July 2 - August 8 | Comfort Station
Closing Reception is on Saturday, August 3rd, 5:00-8:00pm.
As co-directors of ADDS DONNA, the Chicago-based artist-run gallery, Holly Murkerson and Kaylee Wyant have long considered the exhibition space an extension of their individual practices. Their shared fascination with exhibition design — how proximities and display mechanisms affect the ultimate perception of individual artworks — has played out on multiple occasions, in their collaborative curatorial work as well as in each of their personal practices, by integrating backdrops, framing, and furniture with singular art objects.
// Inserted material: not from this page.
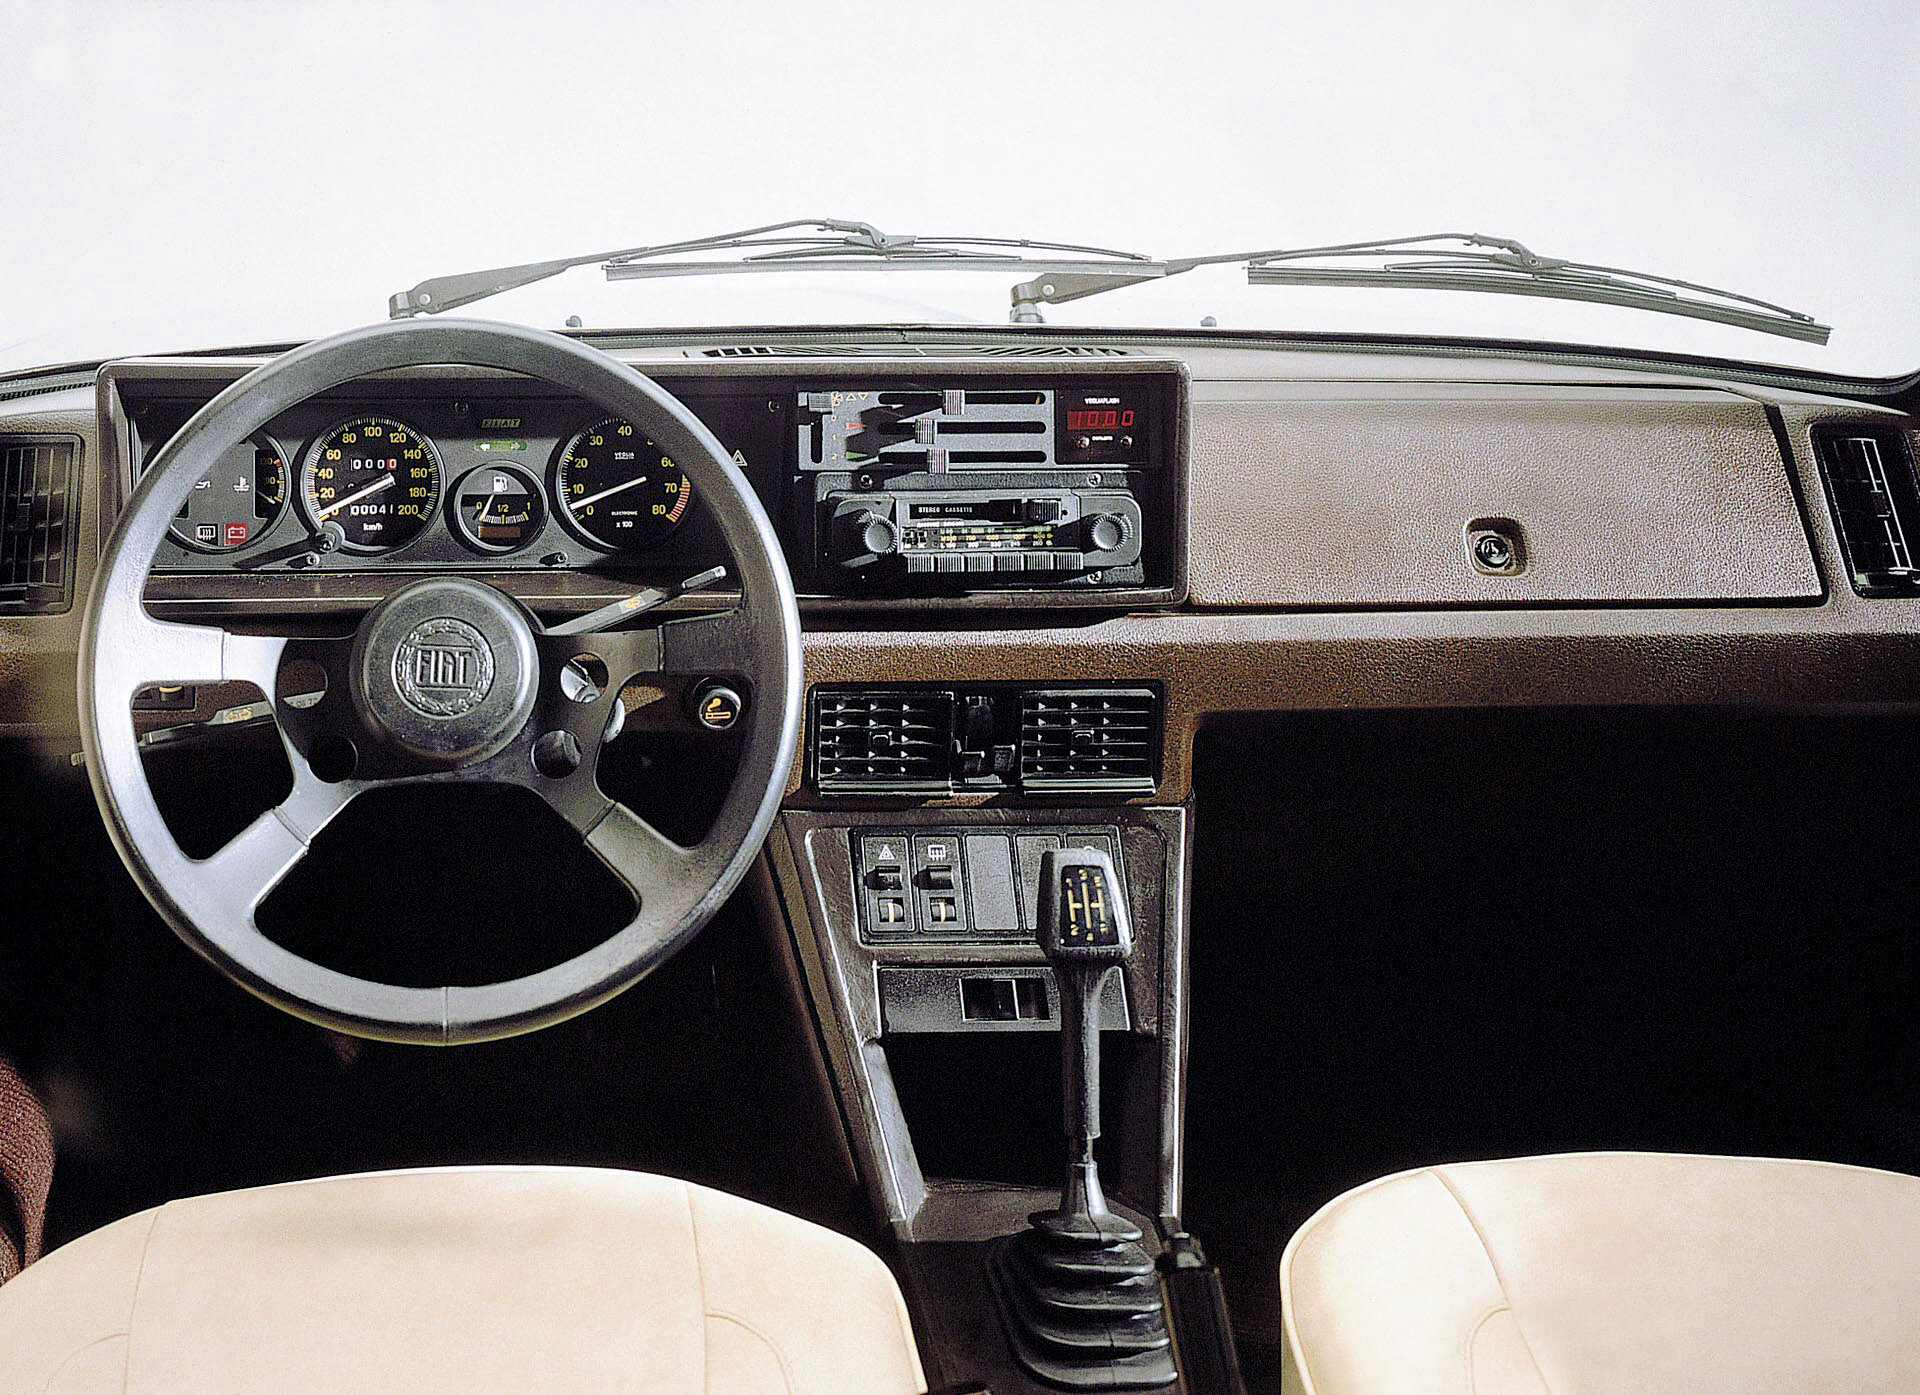 Fiat X1/9 interior has a touch of Italian flair

In Come Roaming, Murkerson and Wyant activate, and then complicate the innate act of looking. Through a choreographed installation of their individual works and a collaborative sculpture that encourages myriad sight lines and body positions, they aim to amplify the movement of bodies and vision through the exhibition space.
Multiple dualities are at play in this exhibition- interior and exterior, subject and object, figure and ground, abstraction and representation. Murkerson and Wyant’s individual works explore these relationships, as do the two sites of collaboration. The large screen in the front window unfolds and invites simultaneous looking and penetration; the cut-outs in the screen’s panels working both as windows and as points of entry. One may cast their view outward, using the cutout as a framing device, or, alternatively, revert their attention inward, toward their own body, by inserting arms, legs, ears, noses through the various portals. Moving farther into the space, one moves further inward; the adjacent darkened room with its covered walls directs vision as touch, inside the feeling body.
Conversely, the static flat plane of the painting or photograph marks a boundary beyond which a viewer is only permitted to see so far. Murkerson’s body spreads and contorts over light-sensitive paper in the darkroom. Where limbs and torso eclipse the surface, a space is left open where an image may be held; body and image cohabitate and oscillate between figure and ground. In Wyant’s paintings, ambiguous forms writhe and unfold within a collapsed space. Would-be volumes are constrained by the boundaries of drawn lines and shallow perspective, as if fixed in the process of some transformative contortions. Within these still works, a kind of visual gymnastics is performed where identity is dislodged.
Within the movement between surface and space, the visible and the withheld, an awareness unfolds that brings one back to the body; its blind spots and its limits sliding up against consciousness.